I was wretched and mortified. There was nowhere to hide the guilt I felt in my heart. Knowing that my mother had been resent to North Korea on account of me, I wanted to die. So, when I was caught by Chinese authorities at Shenyang Station, I confessed that I was North Korean. In the end, I was also repatriated back to North Korea.

Final escape

Locked up at the detention centre, undoubtedly the National Security Agency continued to pester me. I was supposed to be detained in the detention centre but due to an illness, I was fortunately permitted to return to my home. My body was in a poor condition from the moment I had left China and so I was in position where the authorities could no longer scrutinize me.

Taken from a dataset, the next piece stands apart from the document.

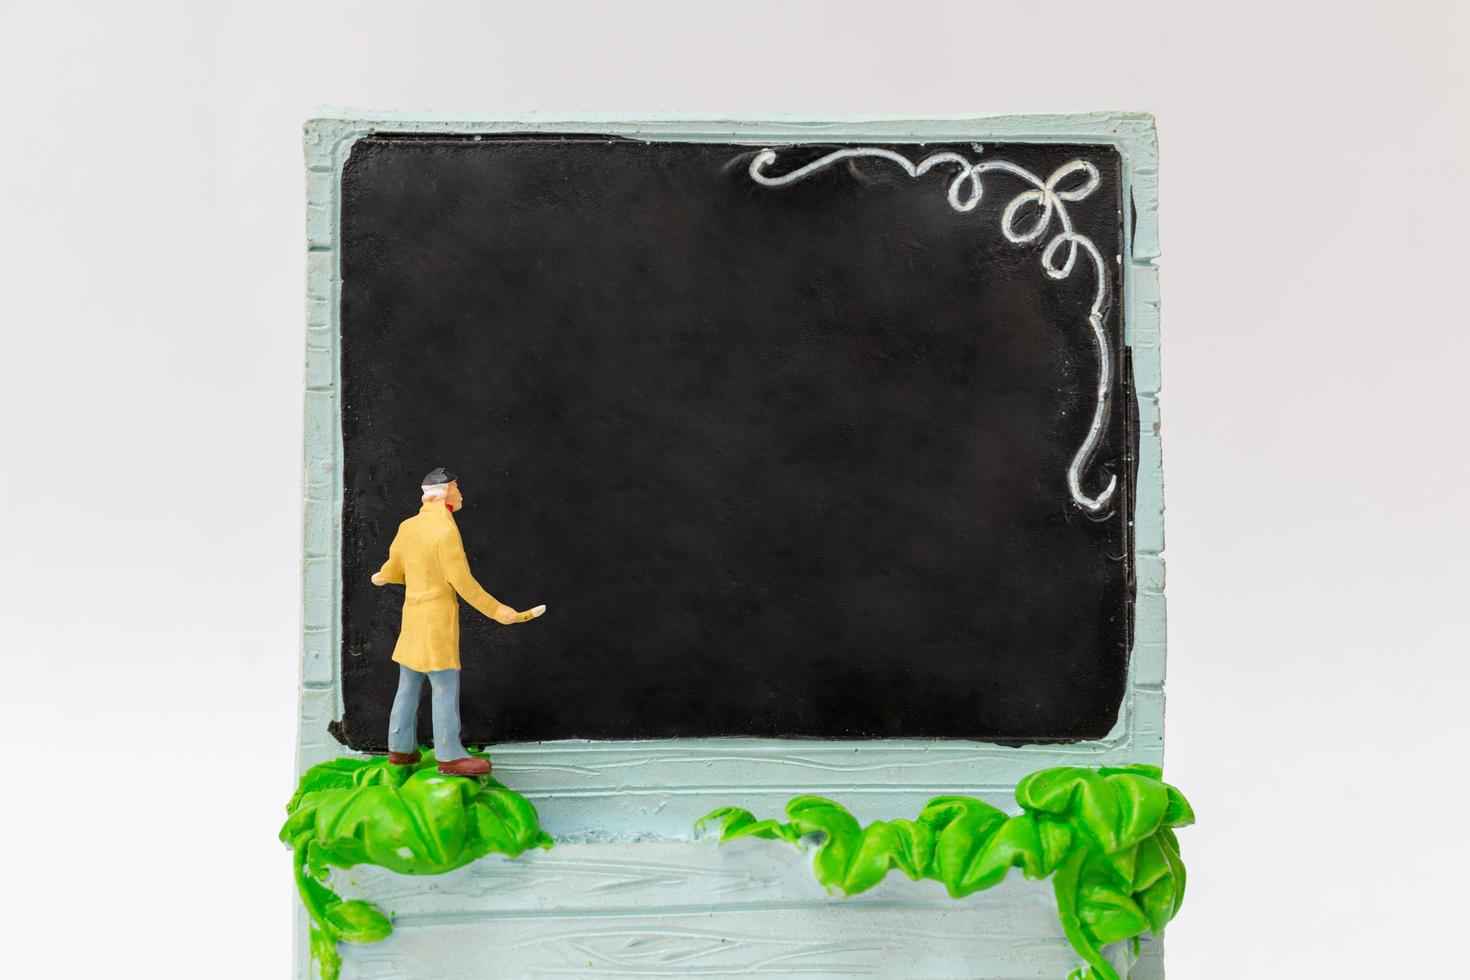 Miniature painter holding a brush on a chalkboard photo

On returning to my home, I saw my mother on the verge of insanity as she had undergone such torment and further because of my father’s hatred towards her. Of course, I could not feel free in such a home. I begged my mother for forgiveness and suggested we defect one final time back to China.

My mother and I crossed the Tumen River for the final time in the winter of 2002. We crossed the Tumen River in a shower of snow. Then, my mother and I stood on the Chinese field facing the North and bowed several times. If there was a god somewhere, we hoped that he would listen to our prayers.

“This is the last time. Truly, please, please don’t let us get caught again.”

After bowing several times, we took a taxi through the snowstorm and safely headed for Yeongil. Whether it was because of my Chinese language skills or that the weather was extremely cold, the officer at the inspection gate passed us through the moment I spoke and we entered Yeongil with little difficultly.

From then on, I worked as a welder and earned an honest living. I saved enough money and with this money came to South Korea in 2005. Only now in Korea, I feel safe.

Even now, if I talk about the old days with my mother, my mother cannot stop crying. Even I cannot hold my tears as I talks about those times. However, I do not know if I could ever understand my mother’s thoughts.

People say that pain heals and beautifies after time. However, whenever I converse with my mother, I have never thought that this pain has beautified but rather the pain seems clearer as I am in front of her.

Even if Korea unifies, I do not know whether her pain will subside. Could we ever face my father and smile like the old days? I do not really know what the Juche ideology is, but I do know that I lost my father to it. I do not know whether I will be able to meet my father unless this ideology dissipates, even if Korea unifies. The only thing left is mere sadness.